Stored data

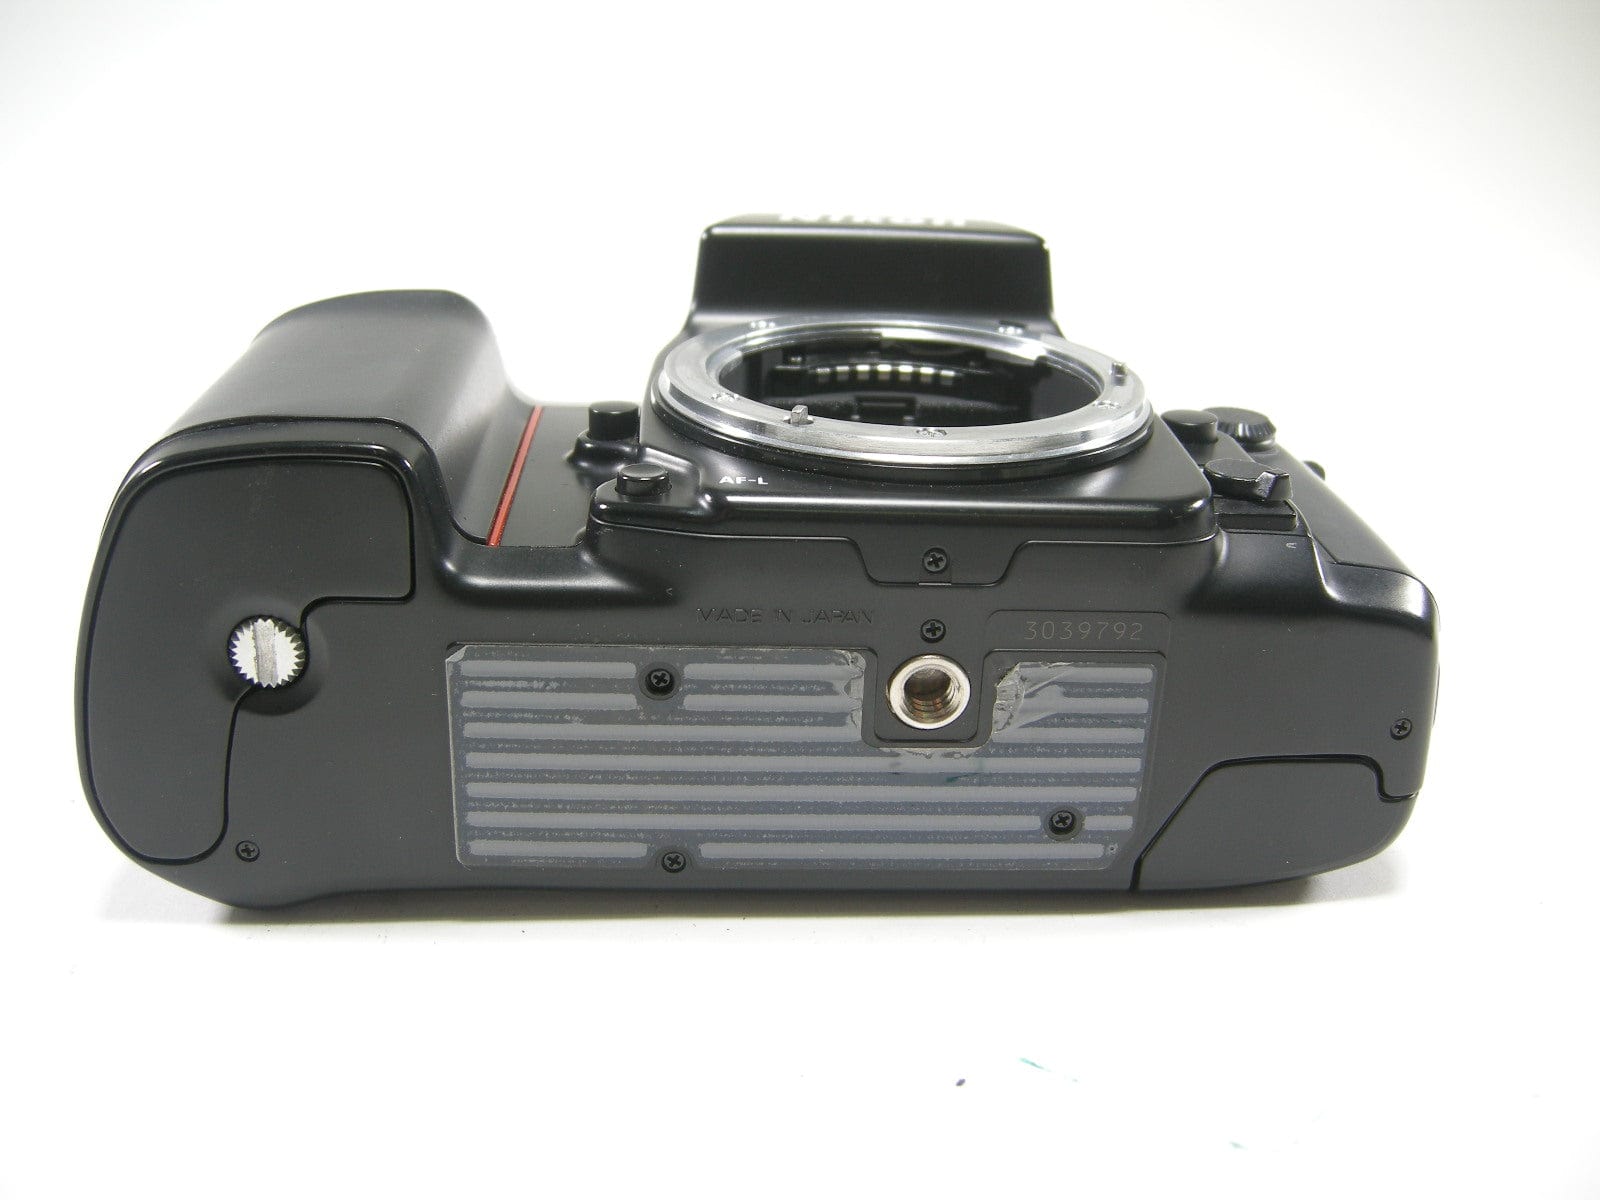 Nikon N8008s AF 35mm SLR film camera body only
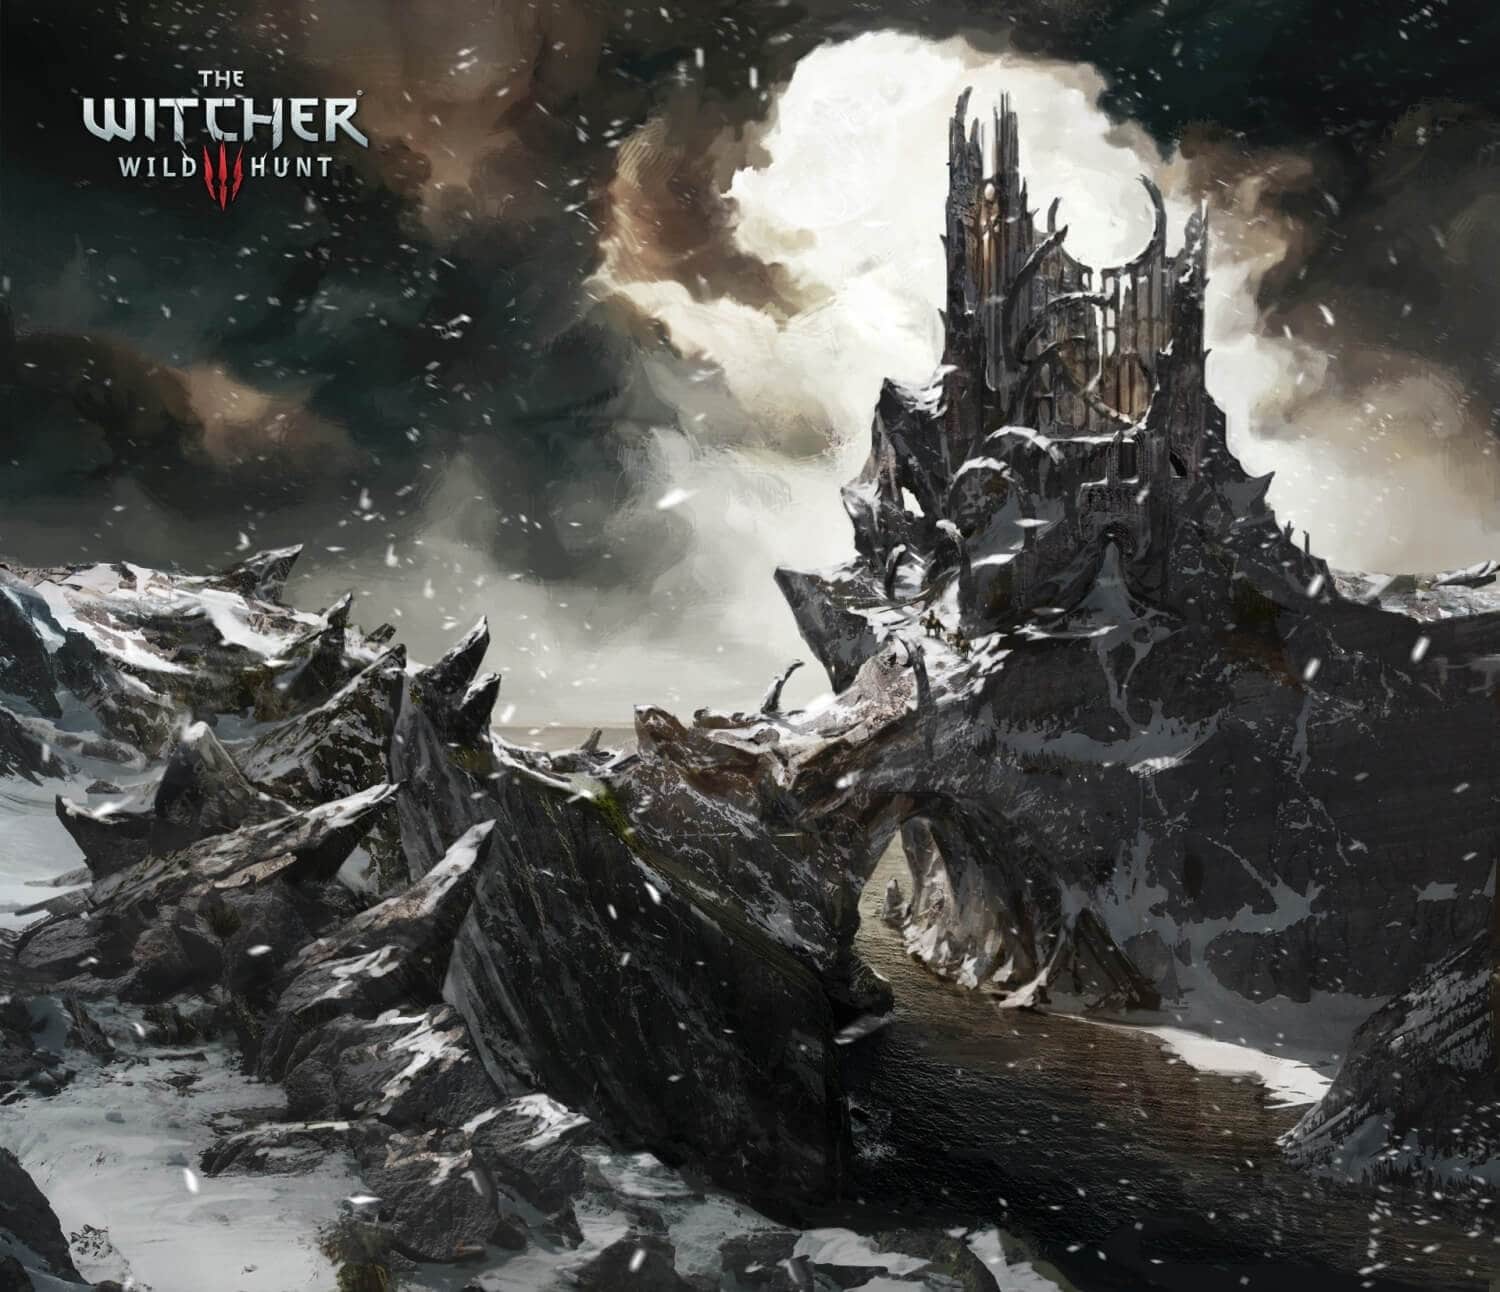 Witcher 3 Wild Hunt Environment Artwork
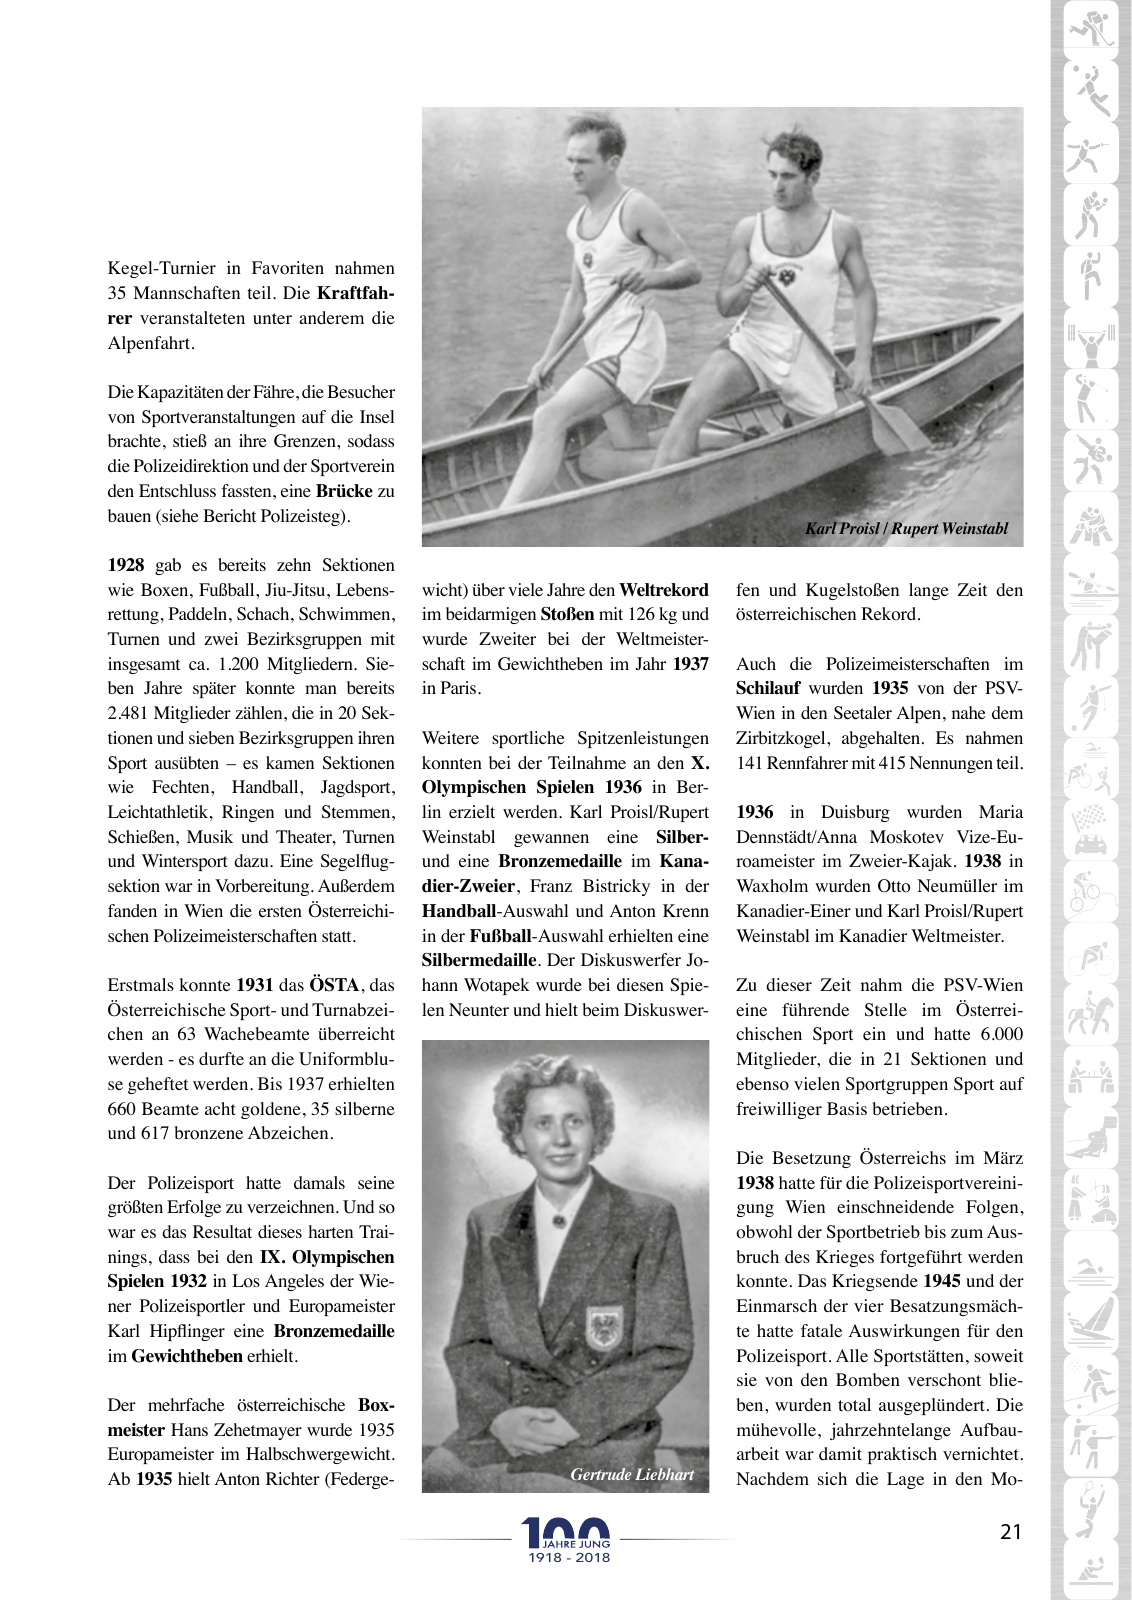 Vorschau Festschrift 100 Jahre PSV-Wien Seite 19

Task brief
The listing must be repeated word for word, and none of its pictures may appear in the copy.

Written solution
 Nikon N8008s AF 35mm SLR film camera body only
 Witcher 3 Wild Hunt Environment Artwork
 Vorschau Festschrift 100 Jahre PSV-Wien Seite 19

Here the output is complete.